Americans already are making
lifestyle-changes because of high energy prices, and as most of the country is
at the start of air conditioning seasons and summer vacation, many families will
have to curtail the use of appliances or change their vacation plans in order to
be able to pay their energy bills. There are a host of innovative technologies
that could significantly reduce the energy use of heating and cooling appliances
used in residential and commercial buildings. For example, super-efficient
electric air conditioners, refrigerators and clothes washers use 25-50% less
energy than typical new models sold today. However, purchasing costs are a major
barrier preventing more widespread production, marketing, and sale. Financial
incentives can spur the purchase of these products and overcome the initial high
cost barrier and be mass-produced.
Innovative
tax
incentives for gains in energy conservation and efficiency could provide help to
families and businesses to maximize energy efficiency and conservation without
having to make large and painful lifestyle changes. Flexible, non- refundable,
tax credits for high efficiency vehicles, purchase of energy
efficient homes, or defined home improvements that reduce energy costs have been
proposed by the House Democratic Caucus Energy Task Force and are likely to be a
part of the Blue Dog Energy Plan as well.
Concluding Remarks
I
hope the Committee will be innovative and creative as you shape our country's
next energy program. We can no longer rely on the same old policies. We must
look for additional sources and resources to complement our traditional sources
of energy. America needs a balanced-forward-looking energy policy based on the
proposals that have been put before this Congress. We need a responsible
approach that will infuse our energy sector with both efficiency and
competition, seeking to protect America against emergencies in the energy
market.
However, we must take care to ensure that our energy policy fit
within the context of a fiscally responsible budget framework. I was extremely
disappointed that these
tax incentives to boost domestic
production of all forms of energy and provide consumers and businesses with the
means to better utilize current technology that improves energy efficiency were
not considered within the context of the budget process. The recently passed
$
1.35 trillion dollar
tax cut signed into law
has consumed virtually all of the available surplus and left us with very little
room to make changes in the
tax code as part of an energy
policy without dipping in to the Social security and Medicare trust fund. I do
not see how this Congress will be able to set in place a national energy policy
that is more than skeletal.

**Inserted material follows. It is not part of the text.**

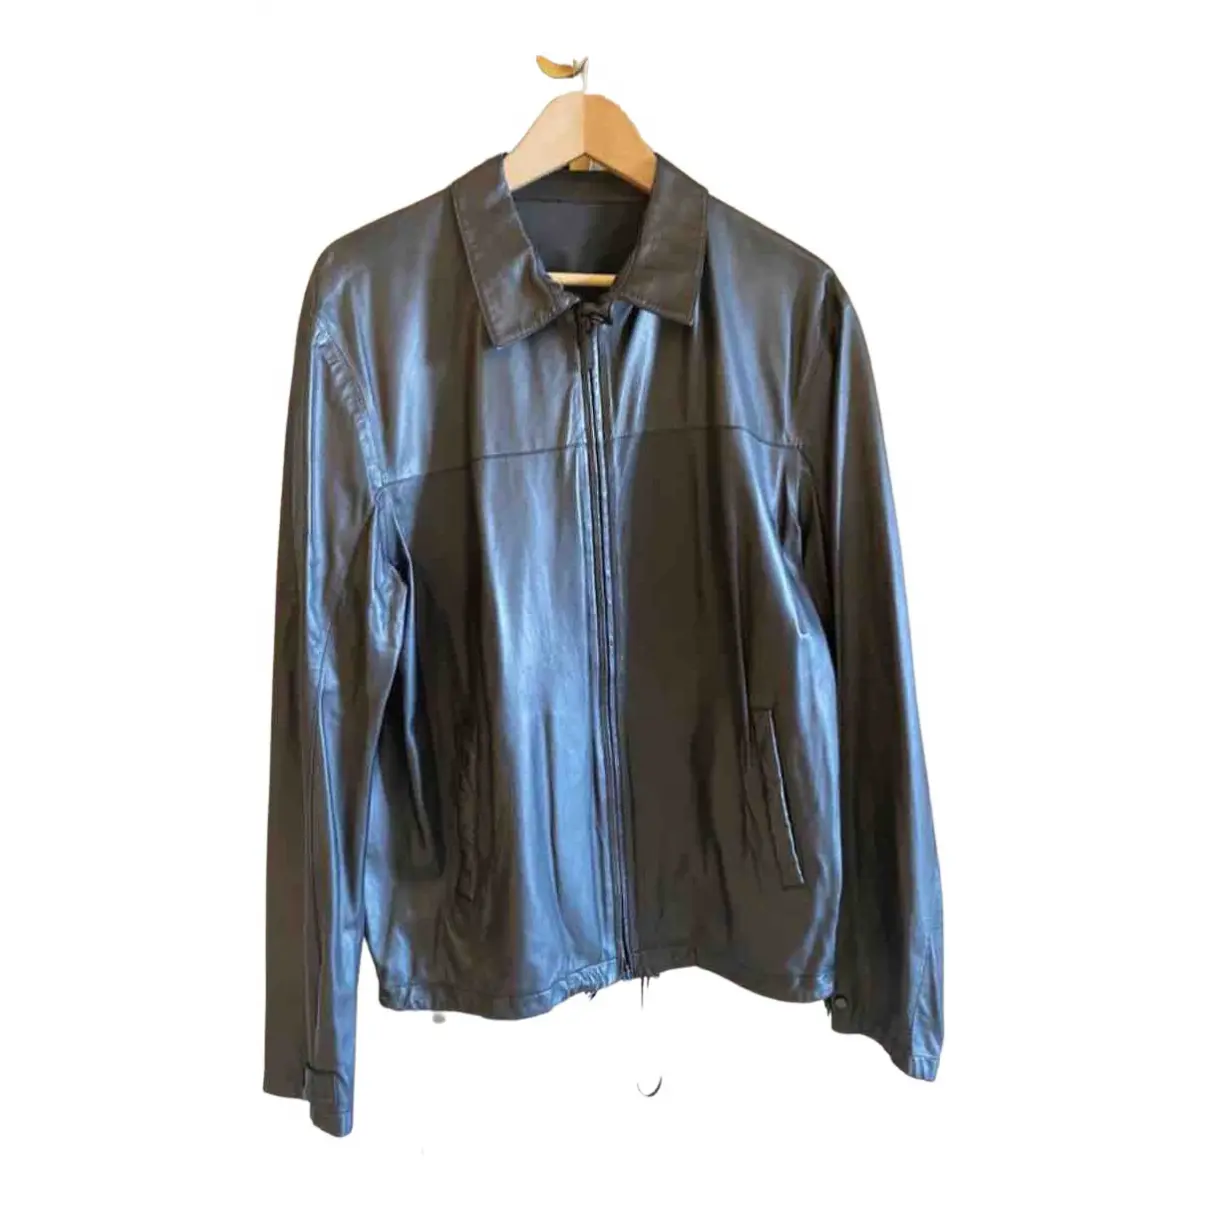 Leather jacket Emporio Armani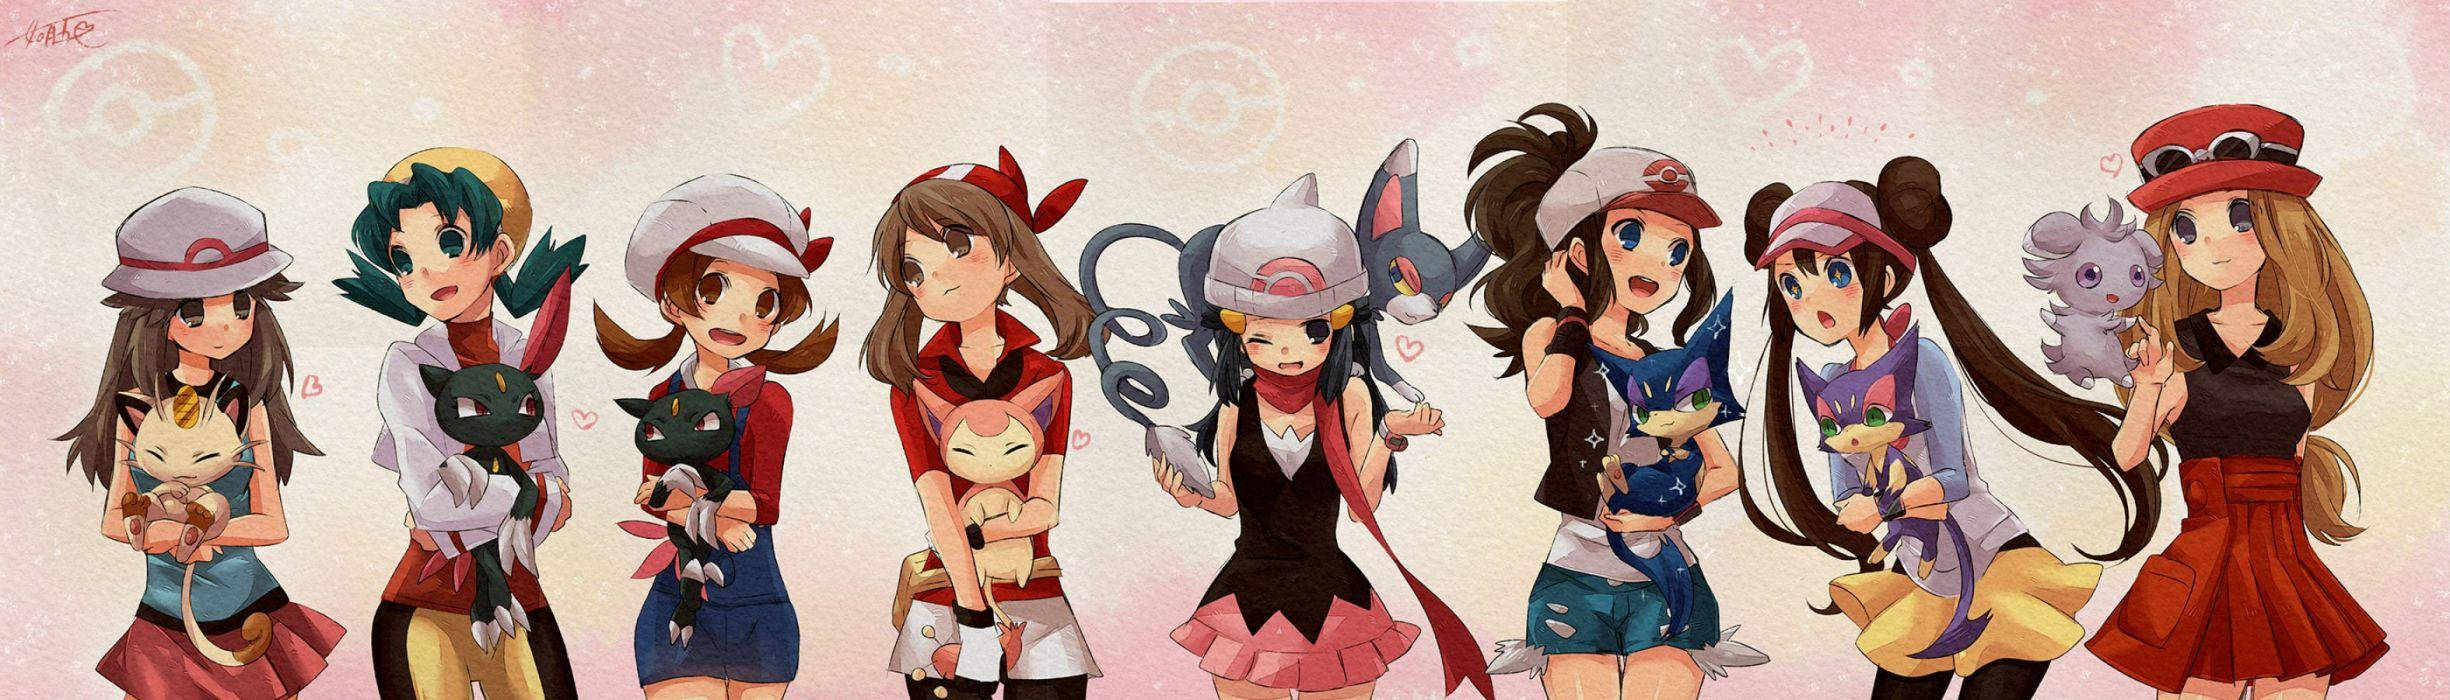 Girls With Pokemon Like Sneasel Wallpaper

The challenge this Committee faces is not only to
identify changes in
tax policy that can contribute to a
national energy policy, but also to figure out how to pay for these policies
without dipping into trust fund surpluses that we have voted to protect.
This Congress could have taken time to look at using the
Tax Code to accomplish some much-needed improvements in our
energy policy. Furthermore, it is imperative that we enact environmental and
production incentives as well as many of the other provisions that I have cited
in this testimony that we clearly need to do for the benefit of this country.
Regrettably, we have made it virtually impossible to provide for the needed
spending in the area of energy as well as other top priority issues that are
facing this country. Notwithstanding the fact that I would have far preferred to
be in a more hospitable budgetary environment for enacting some of the necessary
reforms I have just mentioned, I still strongly encourage this committee to
press forward as far as possible in outlining a workable national energy policy.
Thank you for your consideration and attentiveness this afternoon.